Exercise brief |
In the entries below, begin at the line that has "BELL STRATUS MIPS", stop after the line that has "1920s Chinese Art Deco Carpet ( 6' x 8'9", and output those lines exactly with no pictures.

Data supplied |
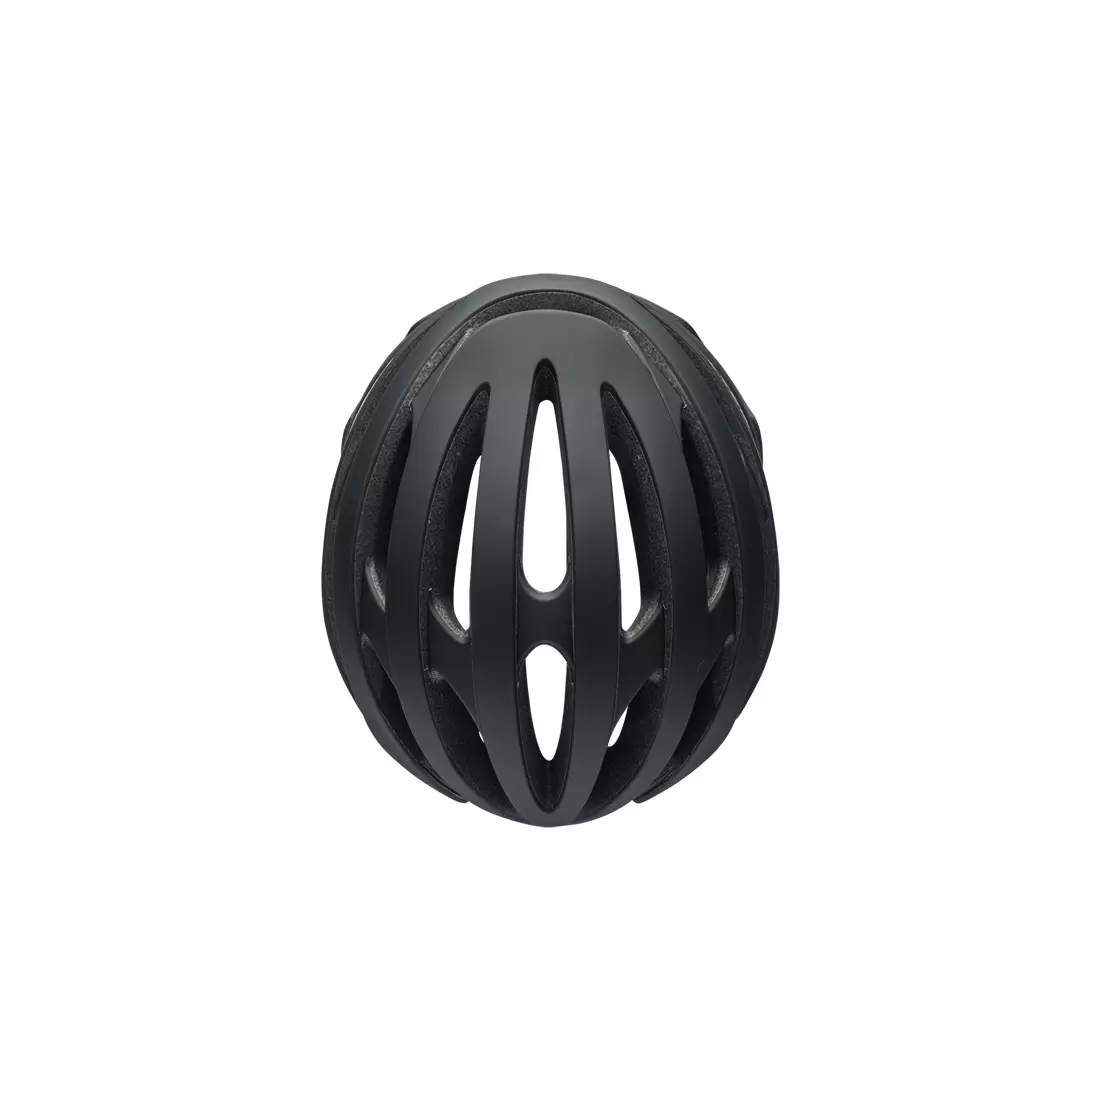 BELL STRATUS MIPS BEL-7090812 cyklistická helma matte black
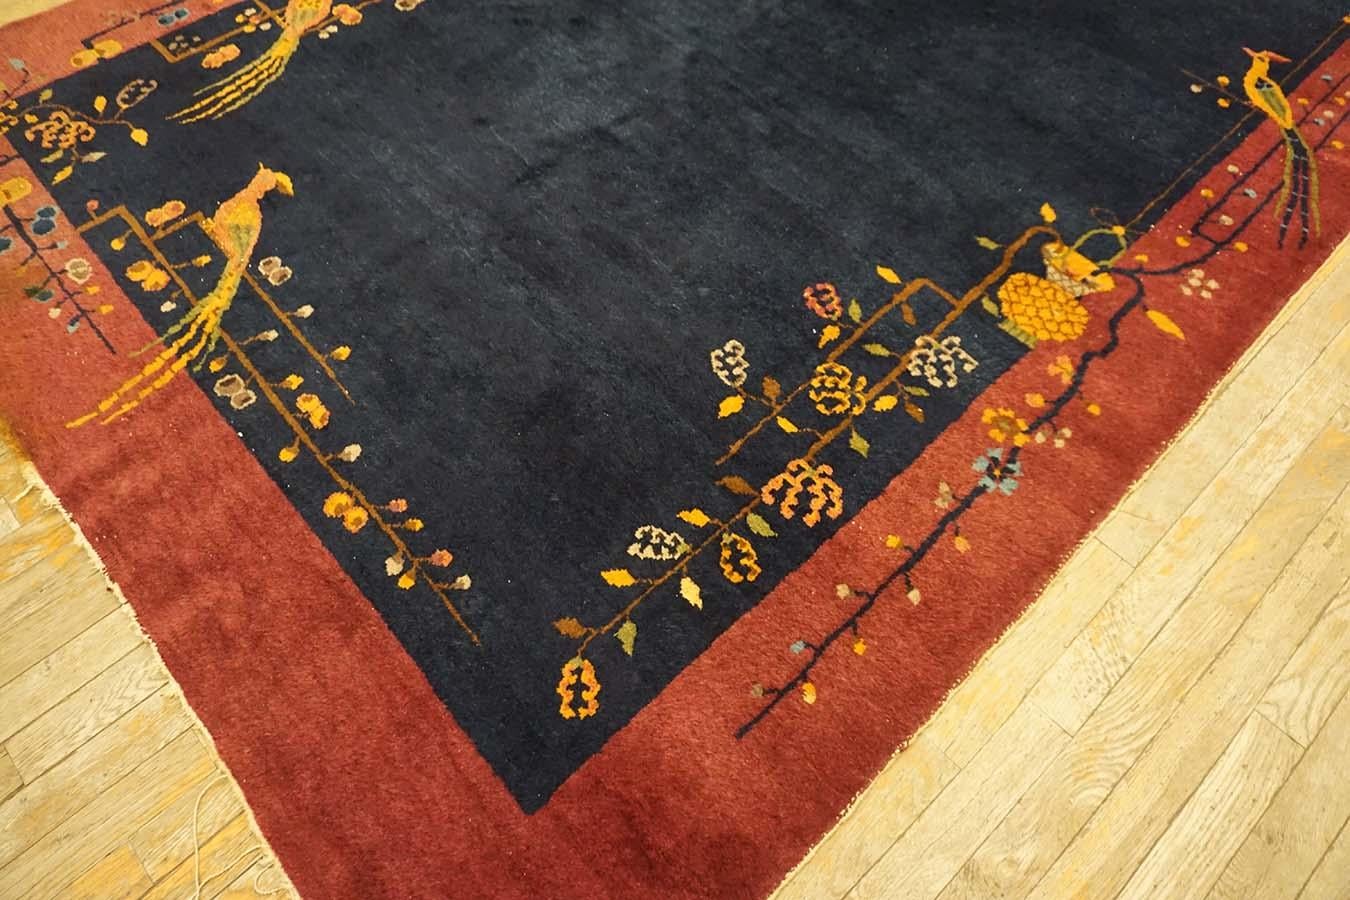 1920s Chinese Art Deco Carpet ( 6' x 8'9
* * *
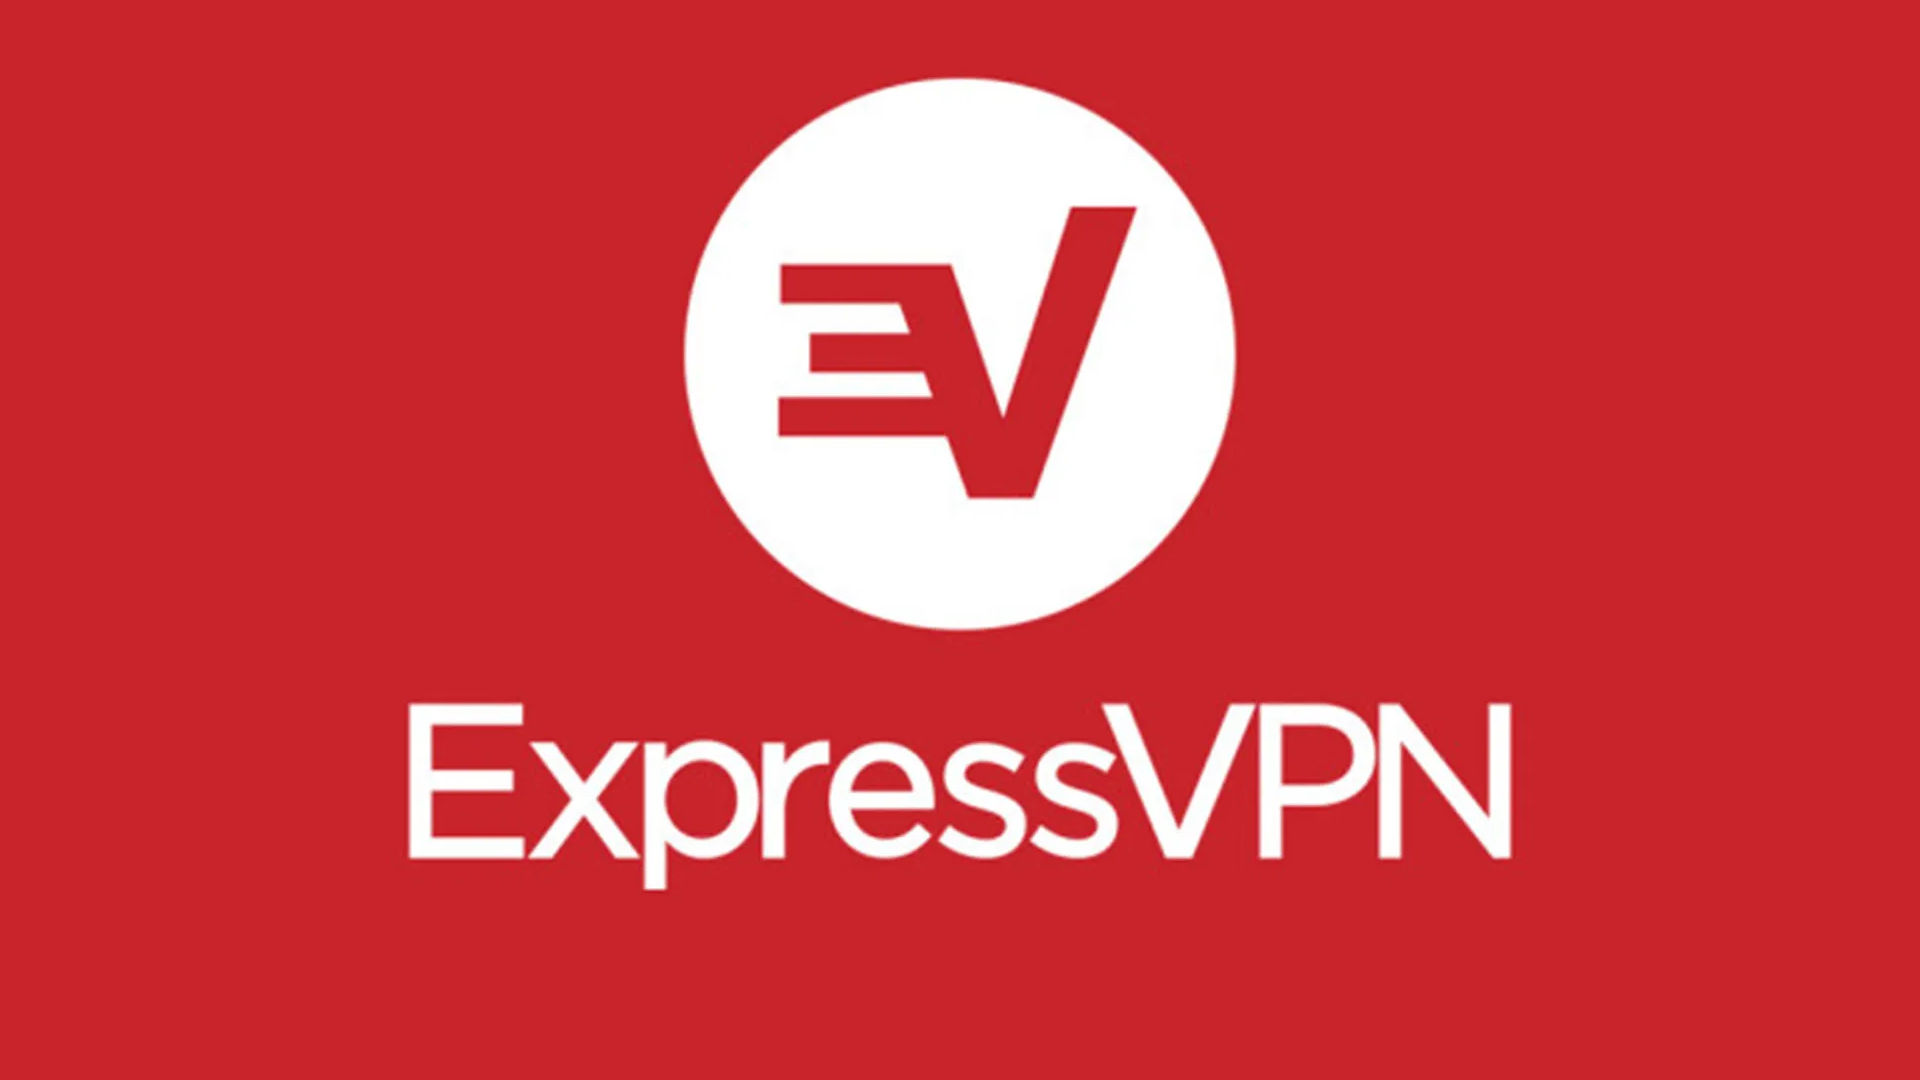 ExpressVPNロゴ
---
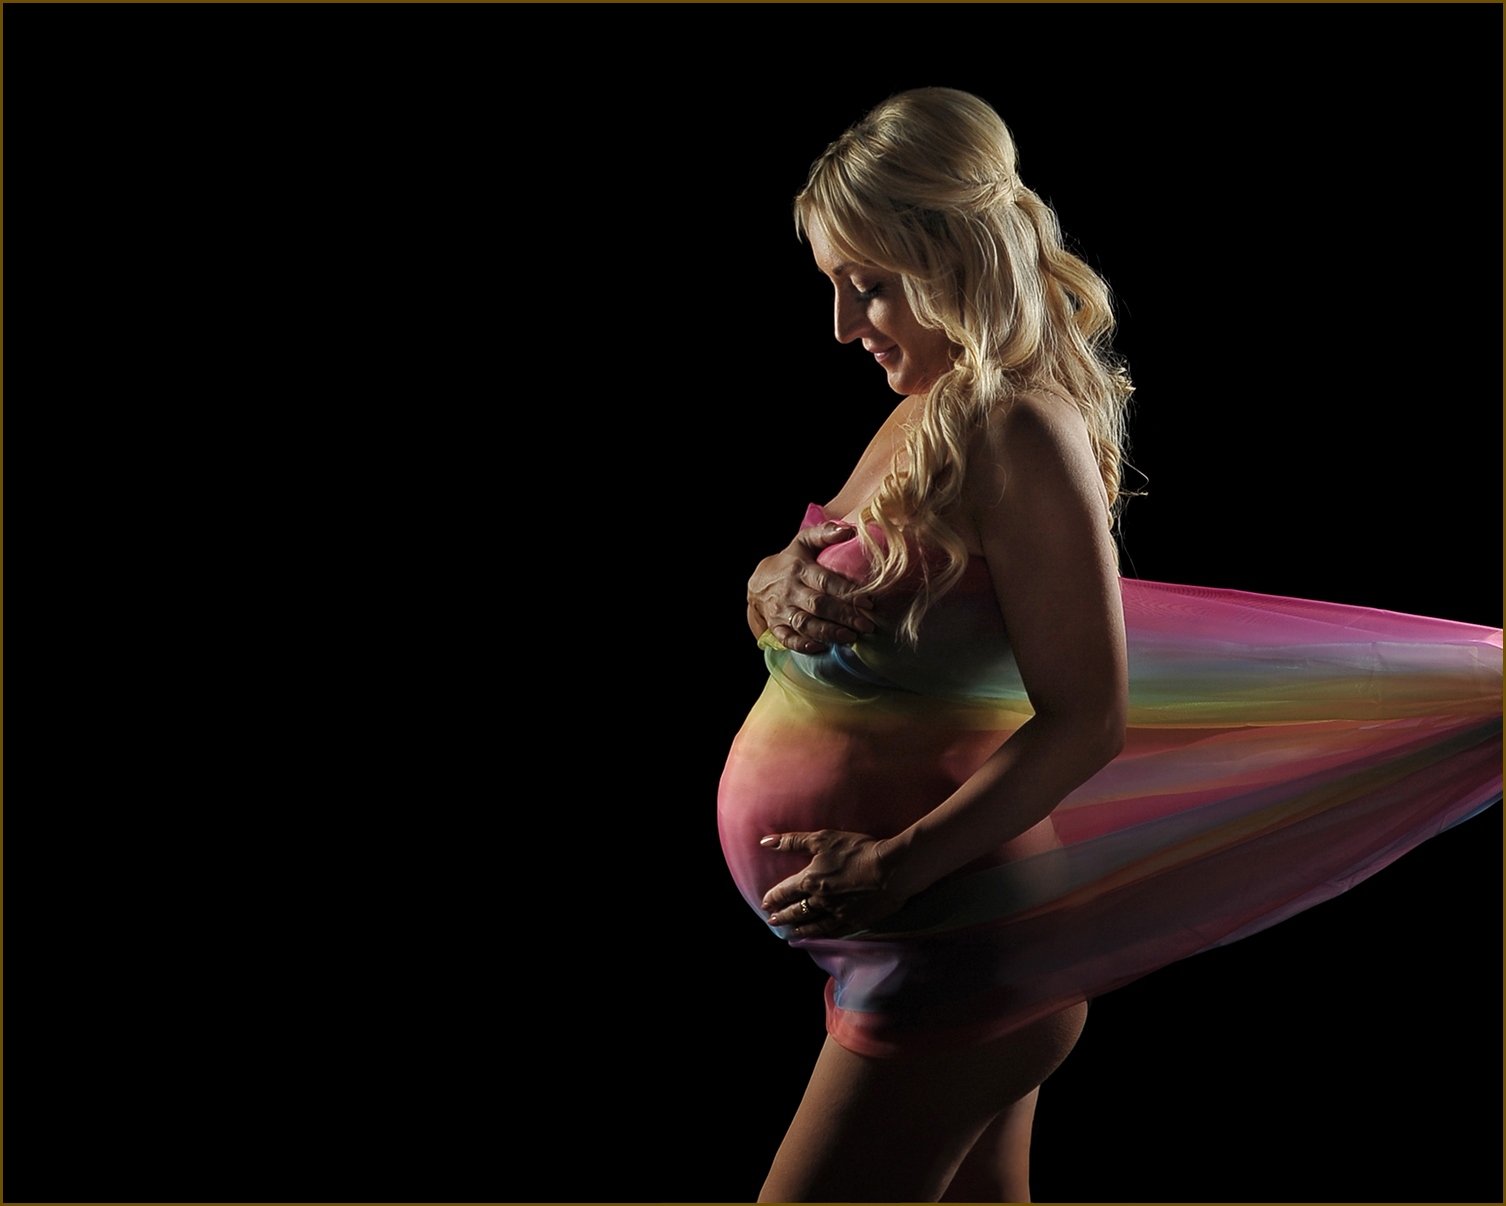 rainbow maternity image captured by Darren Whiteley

Output of the exercise |
 BELL STRATUS MIPS BEL-7090812 cyklistická helma matte black
 1920s Chinese Art Deco Carpet ( 6' x 8'9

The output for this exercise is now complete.